I did not really understand the Ratio of Uniforms method. Any references?
#6
02-07-2010, 02:36 PM
 TheStig Member Join Date: Jan 2010 Posts: 27

Quote:
 Originally Posted by Saurabh I did not really understand the Ratio of Uniforms method. Any references?
I believe this is the original paper that introduced the method:

Kinderman, A. J., Monahan, J. F. "Computer Generation of Random Variables Using the Ratio of Uniform Deviates." ACM Transactions on Mathematical Software. 3, 257 (1977).

It turns out that the paper also includes a proof of the ratio of uniforms method.
#7
02-07-2010, 04:06 PM
 Saurabh Member Join Date: Jan 2010 Posts: 25

Thanks a lot. I'll have a look.
#8
02-07-2010, 08:52 PM
 johnwoods Member Join Date: Jan 2010 Posts: 30

Quote:
 Originally Posted by johnwoods First, it's worth it to explain the transformation method as intuitively as possible.
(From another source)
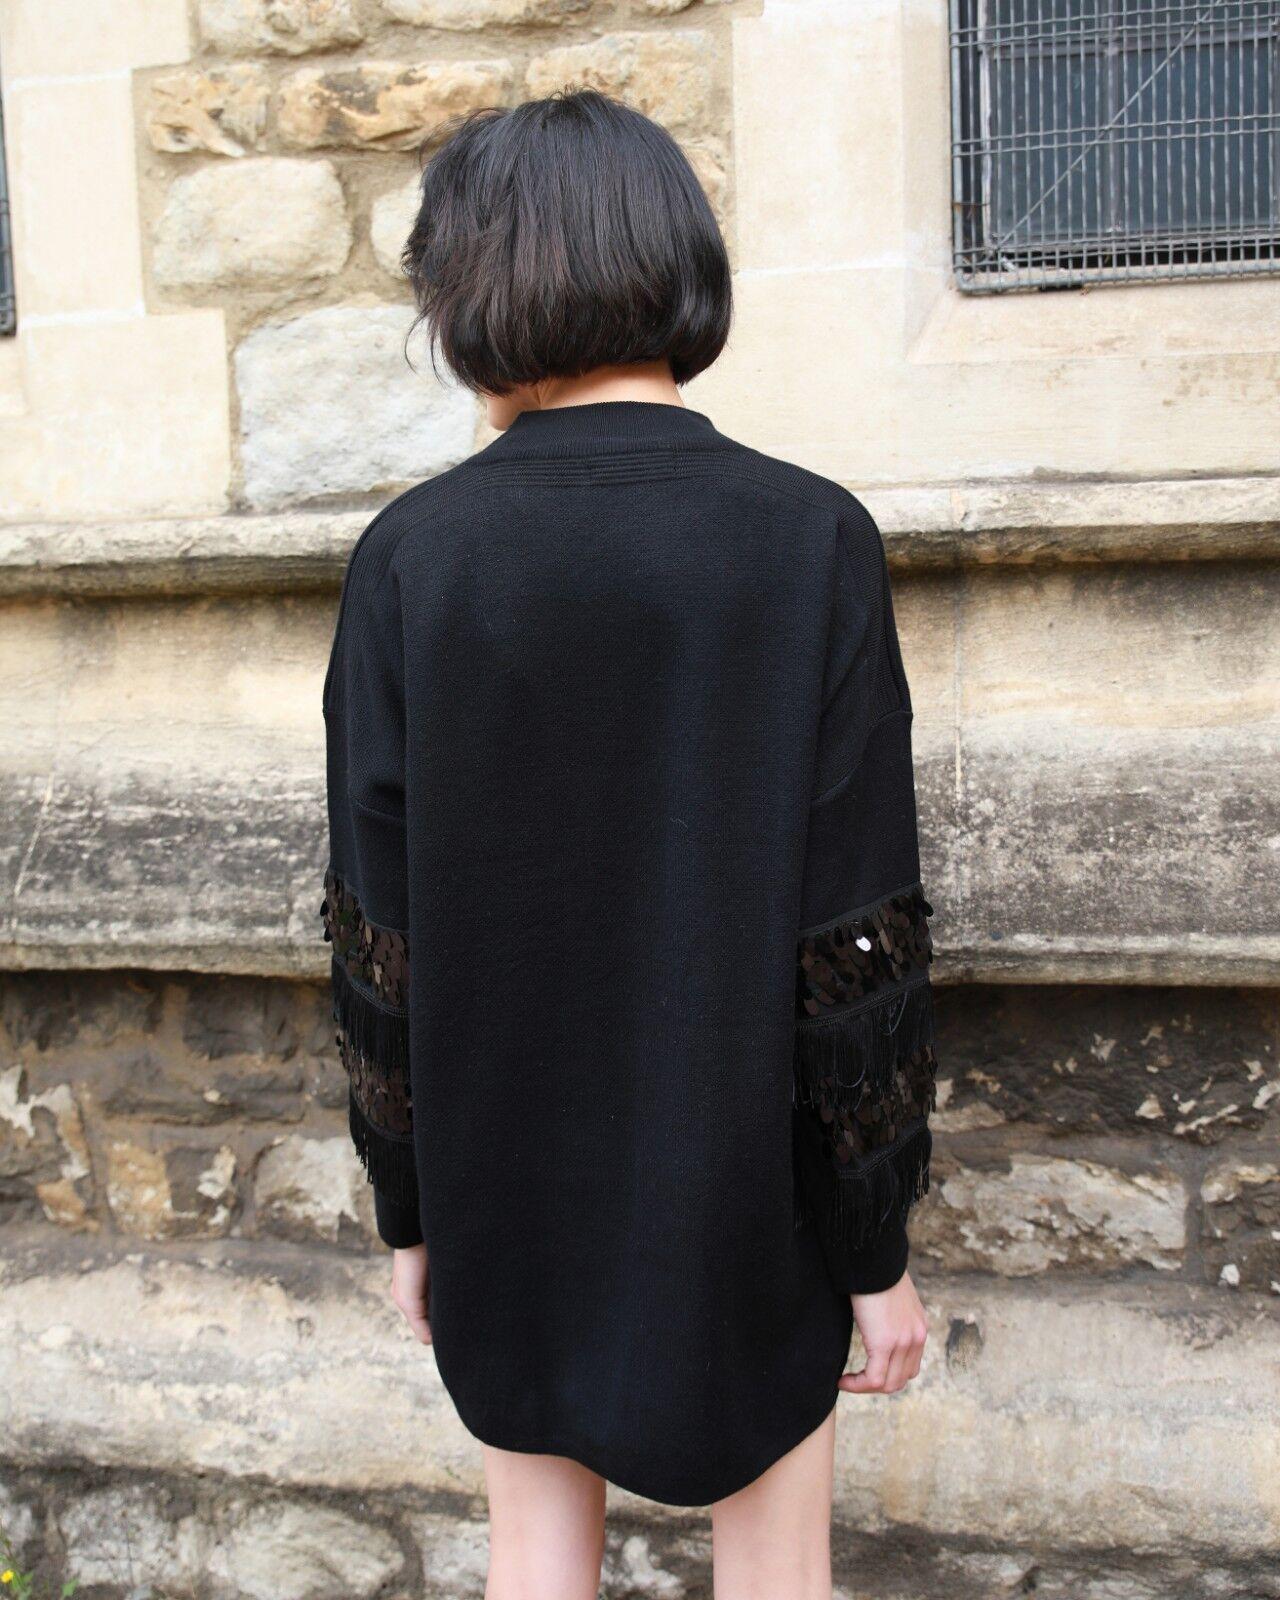 Tassel fringed and sequin embellished tunic knitted jumper dress dress dress wool blend 2e1309

Note that for the transformation method, I use the terms p and f interchangeably. They make more sense in the context of the rejection method. Think of the integral of f(x) -- call it F(x) -- as being like a transformation. As long as your deviate is between 0 and A, it will always be possible to map it on to f(x) and p(x). Further, a deviate has the greatest likelihood of being transformed where the slope of F is greatest (and hence, where the value of f is greatest). This helps to ensure that uniformly distributed deviates are mapped at the correct frequency given the probability density. Now, the rejection method specifically: There is going to be some deviation between p and f, and that's where rejection comes in. The bounding function is only so faithful to p, of course, so F doesn't accurately transform on to p. As a result, we need to reject a fraction of the deviates. That fraction will be proportional to $\Large \frac{f(x_0)-p(x_0)}{f(x_0)}$, which ensures accepted deviates adhere to the given probability function.
Okay, I think this is pretty intuitive, but I'm going to try another way. I also can't seem to edit my posts.

Let's look at the rejection method in reverse.
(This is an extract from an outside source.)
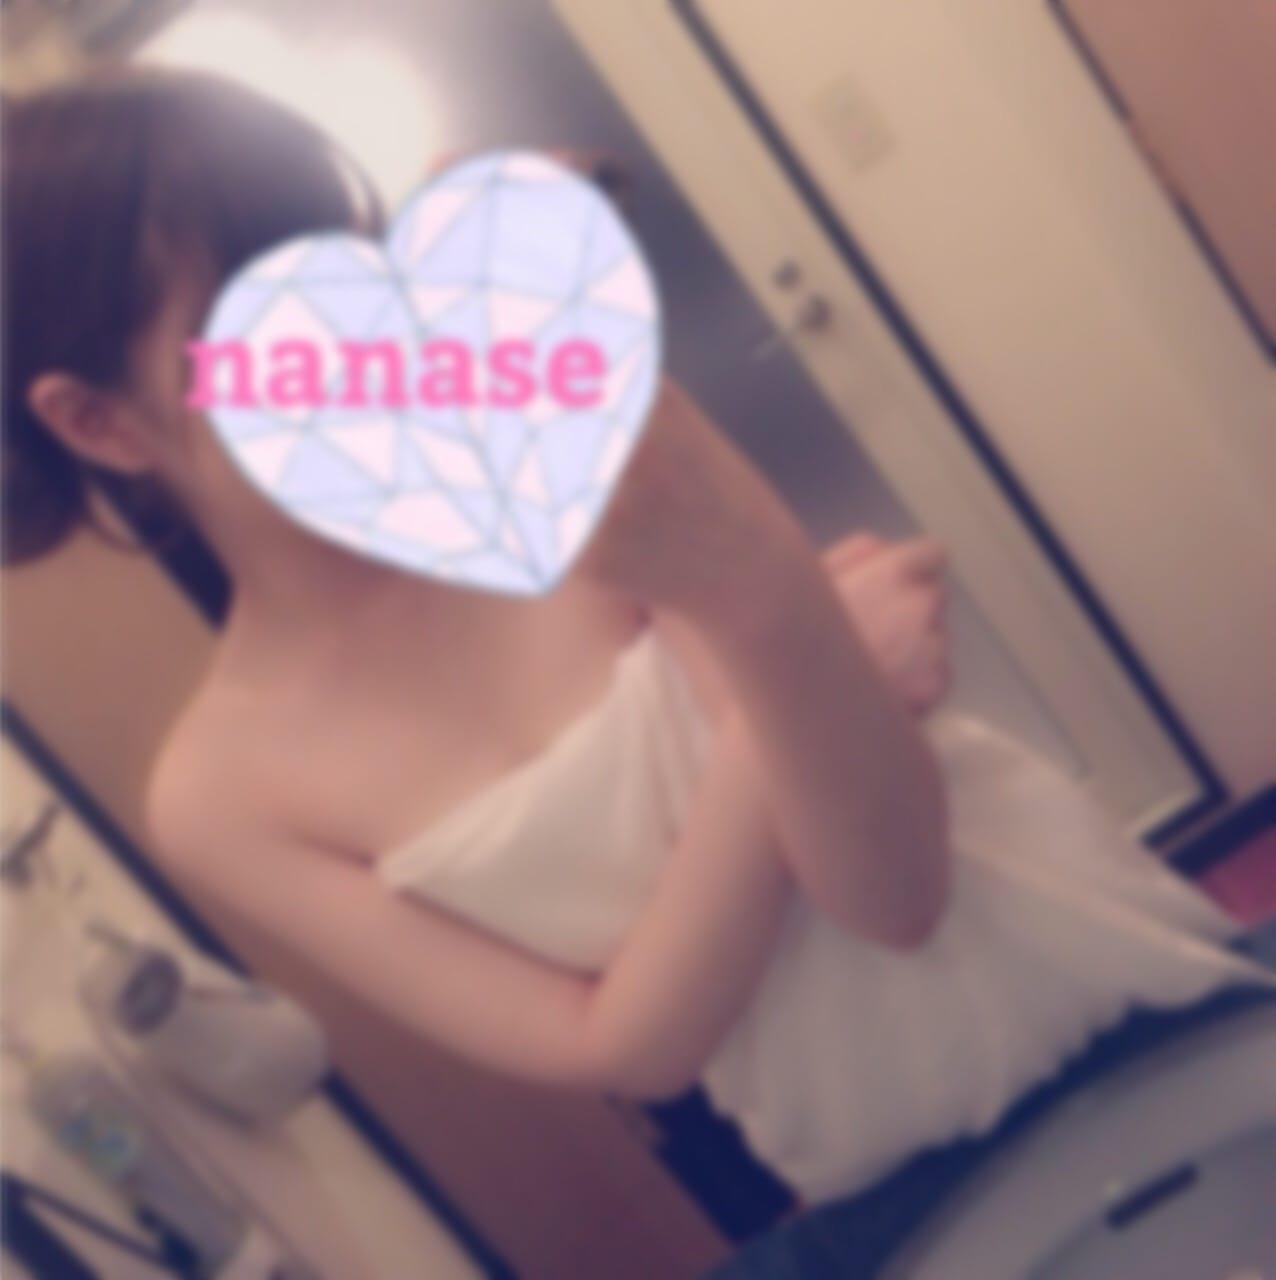 「WINDY402お客様♡」11/24(金) 18:21 | ナナセの写メ・風俗動画

We want some set of random deviates $\Large X_1 = {x_0, x_1, x_2, ...}$ with frequency $\Large p(x_i)$. The frequency is critical: if p(x) is 0 for some x, we don't want any deviates with that value. We also want to reject as few as possible, so we need to find a way to transform "cleanly" from a uniform distribution to the p-distribution.

The obvious answer is to simply transform with the integral of p(x), P(x). Unfortunately, we've chosen the rejection method because p(x) is a computationally complicated distribution.

We could simply approximate p(x) using some similar but easier-to-calculate function f(x) and its integral F(x). But we don't really want an approximation.

That's fine. We can still use f(x) and get an exact value, and that is the meat of the rejection method. F(x) transforms the initial deviate to $\Large x_0$. This is an approximation, and if the bounding function is good, it's a pretty good approximation.

But we know how often that approximation will be "correct," and not just an approximation. That frequency is given by $\Large h = \frac{p(x_0)}{f(x_0)}$, and so we can simply reject $\Large 1-h$ of the transformed x-values.

We do so by taking a second deviate (scaled to 1). If that deviate is less than h, we accept our transformed x-value. If it is between h and 1, we reject it and start the process over.

Make sense? I'd love feedback.
#9
02-09-2010, 04:46 PM
 Aayush Sharma Member Join Date: Jan 2010 Posts: 15
Rejection method - Intuitive proof

I will try to post an intutive explanation for the rejection method. We are interested in getting a sample from a candidate distribution p(x). However, most of the times inverse of CDF cannot be computed in a closed form and hence transformation method cannot be used.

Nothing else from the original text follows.